Cancer Project Enhances Minority Participation in Clinical Trials
News Apr 20, 2009
African-Americans are more likely to be diagnosed with certain forms of cancer and are far more likely to die of the disease. But, they also are less likely to enroll in cancer clinical trials, with African-Americans accounting for just 2.5 percent of participants nationwide.
Investigators from Meharry Medical College and Vanderbilt-Ingram Cancer Center, Nashville, Tenn., have just completed a multi-year recruitment trial in which 68 percent of those minority patients eligible for a clinical trial agreed to participate. The dramatic increase in enrollment was the result of direct intervention, which included identifying barriers to enrollment and developing programs to eliminate those barriers. The results were reported during the annual American Association for Cancer Research conference in Denver, Colo.
Barriers included missed appointments, lack of transportation, inadequate insurance, miscommunications and lack of patient understanding. Those barriers were identified during the first year of the study and program procedures were adjusted during succeeding years to address them. Investigators developed a model of care that screened every newly diagnosed patient and identified those patients eligible for a clinical trial.
In 2000, the investigators established a clinical trial shared resource at Nashville General Hospital at Meharry. Most of the patients at this facility are under and uninsured and 55 percent are African-Americans.
“We discovered that these minority patients were just as interested in clinical trials, but they were more likely to have logistical barriers that made enrollment difficult,” said Debra Wujcik, R.N., Ph.D., lead author and director of Clinical Trials at Meharry.

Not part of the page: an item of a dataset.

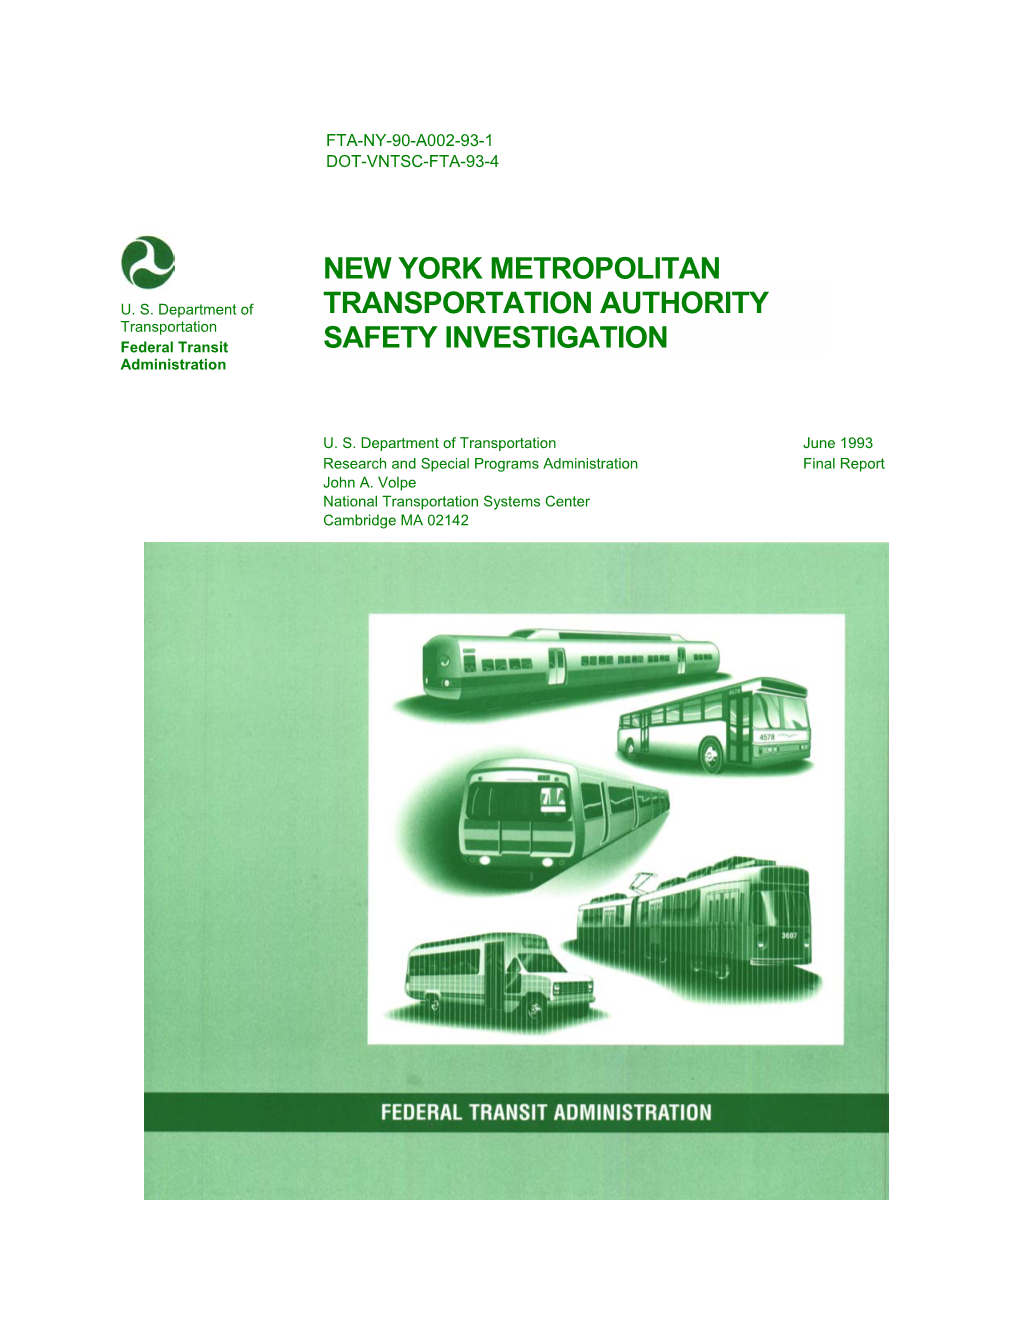 New York Metropolitan Transportation Authority Safety Investigation TB301/U3001 6

Physicians were advised if a clinical trial was available and a plan was developed to address obstacles such as transportation or medications. Patients were navigated through the clinical trial system with the help of a nurse navigator and a research nurse. During the first reporting period 2001-2004, 569 patients were screened, 164 (29 percent) had a study available and 95 (17 percent) went on study.
However, 58 percent of patients offered a study agreed to participate. Of patients who did not go on study, 66 percent were ineligible because of co-morbidities like diabetes or hypertension, and only three percent refused to participate in a research trial.
In the next reporting period 2005-2007, 556 were screened, 179 (32 percent) had a study available, and 138 (25 percent) agreed to participate. Since 2001, 1125 patients have been screened, 343 (30 percent) had a study available, and 233 (21 percent) have enrolled. Overall, 68 percent of those eligible for a study agreed to participate.
Of those on study during this period, 61 percent were African-American, 36 percent Caucasian, 2 percent Hispanic and 1 percent Pacific Islander.
“Our model for successful clinical trial recruitment of minority and medically underserved patients includes permanent research staff that are fully integrated into the clinical program, a prospective approach and adequate resources that include a patient navigator,” said Wujcik.
“Clinical trials are discussed with the patient during the first conversation about treatment. The trial is not offered as an afterthought and patients do not have to go to another center to go on trial. They can participate in a trial in their own cancer center and be cared for by the staff and doctor they know.”